Johnson A D, Detwiler J H, Higgins C B
Br Heart J. 1978 May;40(5):489-93. doi: 10.1136/hrt.40.5.489.
The anatomy of the proximal left coronary artery in 33 adult patients with bicuspid aortic valves was compared with that in 33 adult patients with aortic valve disease of other aetiologies and with that in 50 adult control patients with no valve or congenital heart disease.
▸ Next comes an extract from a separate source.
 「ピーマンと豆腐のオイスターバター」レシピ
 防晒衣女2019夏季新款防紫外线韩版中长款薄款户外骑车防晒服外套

Patients with bicuspid aortic valves had a higher incidence of immediate bifurcation of the left main coronary artery, of left main coronary length less than 10 mm, and of left coronary artery dominance. The mean length of the left main coronary artery was significantly less in the patients with bicuspid aortic valves. These variations from the usual coronary artery anatomy may be part of the developmental abnormalities responsible for bicuspid aortic valves, and require evaluation and consideration when considering angiography and valve replacement in patients with aortic stenosis.
对33例患有二叶式主动脉瓣的成年患者、33例患有其他病因主动脉瓣疾病的成年患者以及50例无瓣膜或先天性心脏病的成年对照患者的左冠状动脉近端解剖结构进行了比较。患有二叶式主动脉瓣的患者左主干冠状动脉立即分叉、左主干冠状动脉长度小于10毫米以及左冠状动脉优势的发生率更高。二叶式主动脉瓣患者的左主干冠状动脉平均长度明显更短。这些与通常冠状动脉解剖结构的差异可能是导致二叶式主动脉瓣的发育异常的一部分,在考虑主动脉瓣狭窄患者的血管造影和瓣膜置换时需要进行评估和考虑。